Плата за лень

Се Колевков: литературный дневник

Суть рисунка проста – соотношение белого и черного. Отсутствие цвета, этот своеобразный аскетизм, заставляет рисовальщика быть предельно честным. Живописец может спрятать свое неумение рисовать за сиянием звонких красок, за пестротой – гармоничной или диссонансной, ему легко отвлечь зрителя карнавальной мишурой цвета – импрессионисты отлично поняли это, постимпрессионисты уже не стеснялись своего дилетантского рисунка, абстракционисты довели эту идею до абсолюта: они просто выкинули рисунок как таковой, заменив его (в лучшем случае) условной схемой.

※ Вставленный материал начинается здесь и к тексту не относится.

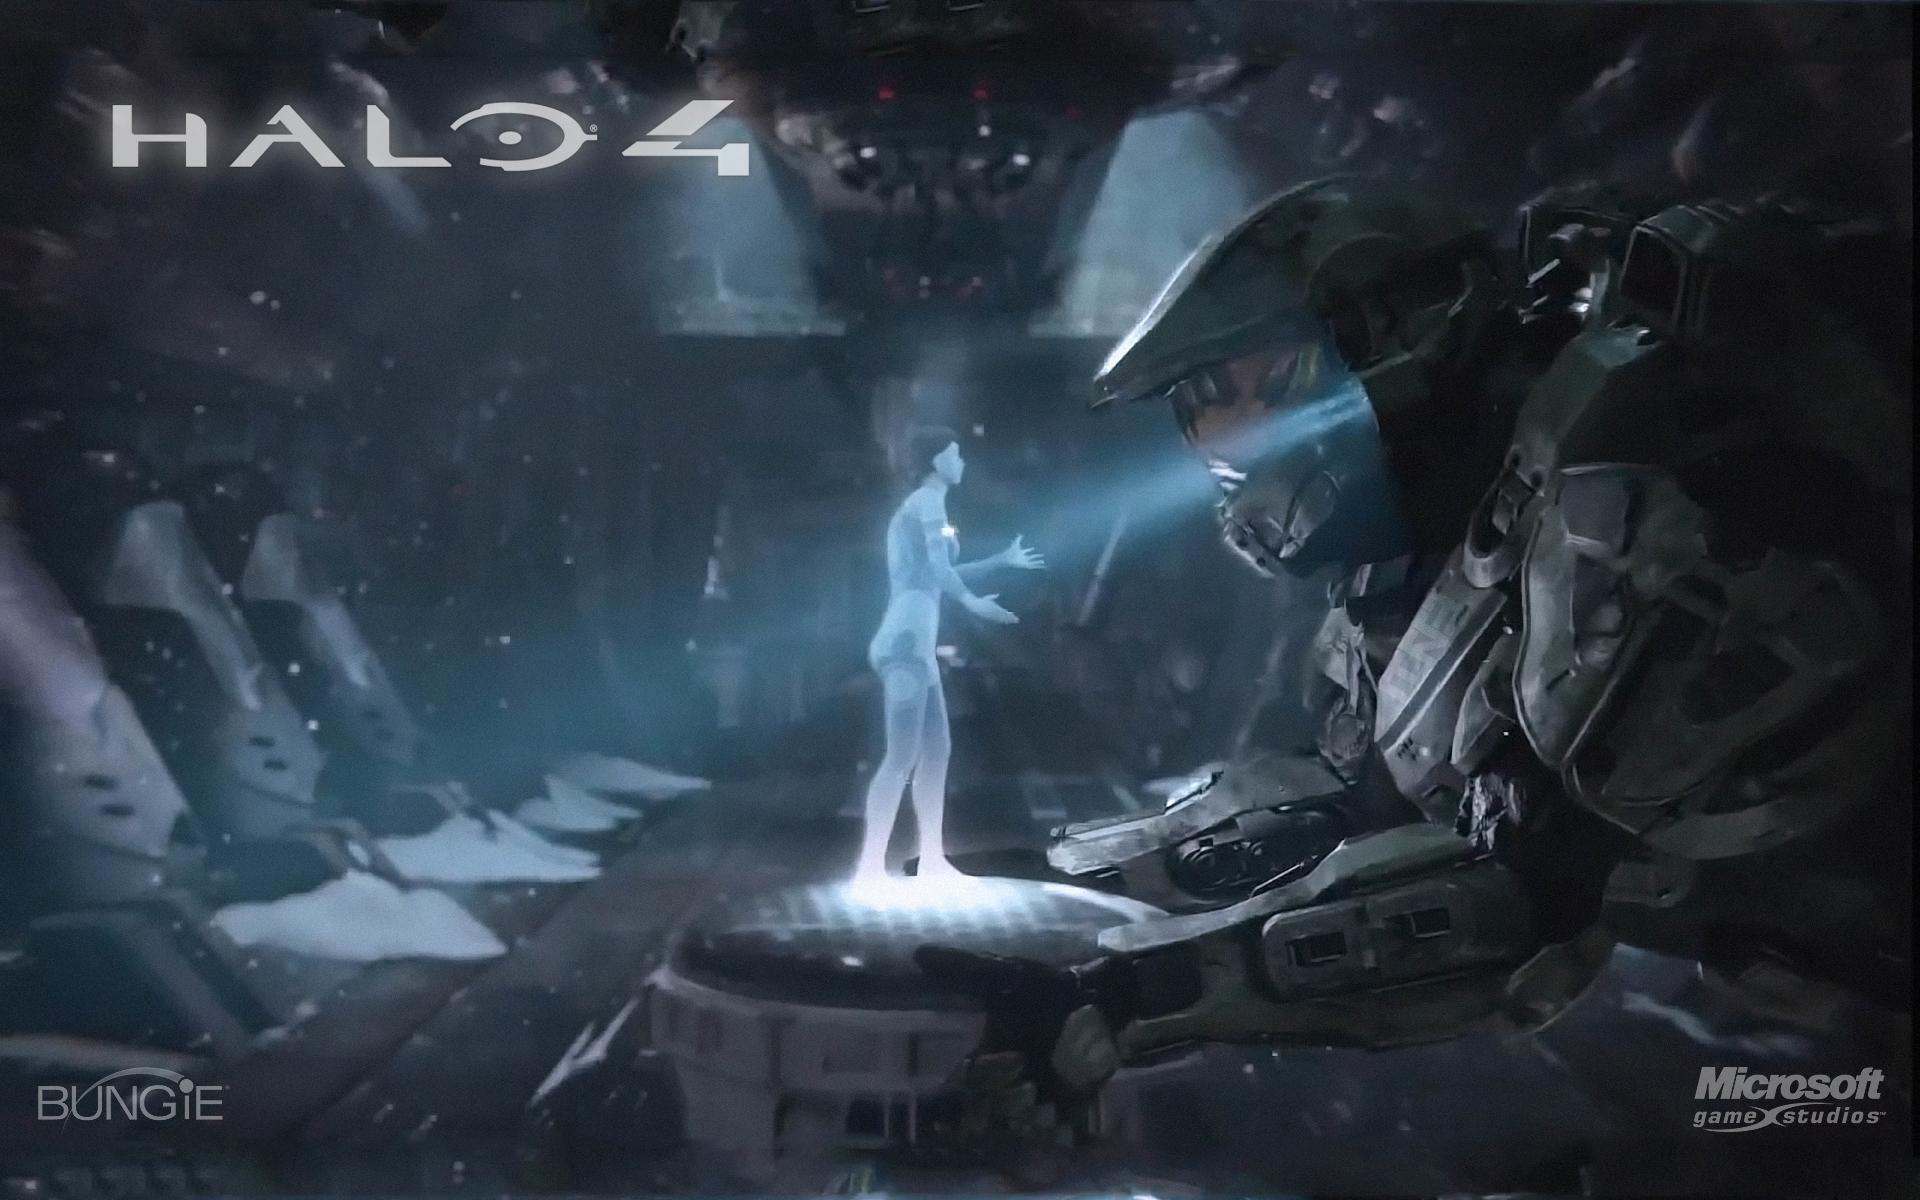 Halo 4 Hd Wallpapers Halo Wallpaper 1920x1200

Рисовальщик гол, он предельно обнажен. Он подобен гладиатору, вооруженному одним копьем, на арене лишь лев и он. Продемонстрирует боец виртуозное мастерство и выйдет победителем или бесславно падет в песок на глазах бессердечной публики? Слава или позор, а третьего не дано.
При кажущейся простоте материалов
материалов – куда уж проще: лист бумаги, карандаш или сангина, может, уголь или пастель, – рисунок обладает невероятной психологической и эмоциональной глубиной. Главное в рисунке – темная линия на светлой бумаге. И самое простое, и самое сложное в рисунке строится лишь с помощью соотношения светлого и темного. Рисунок может быть проработан с фотографической четкостью или остаться стремительным вихрем нескольких лихих штрихов.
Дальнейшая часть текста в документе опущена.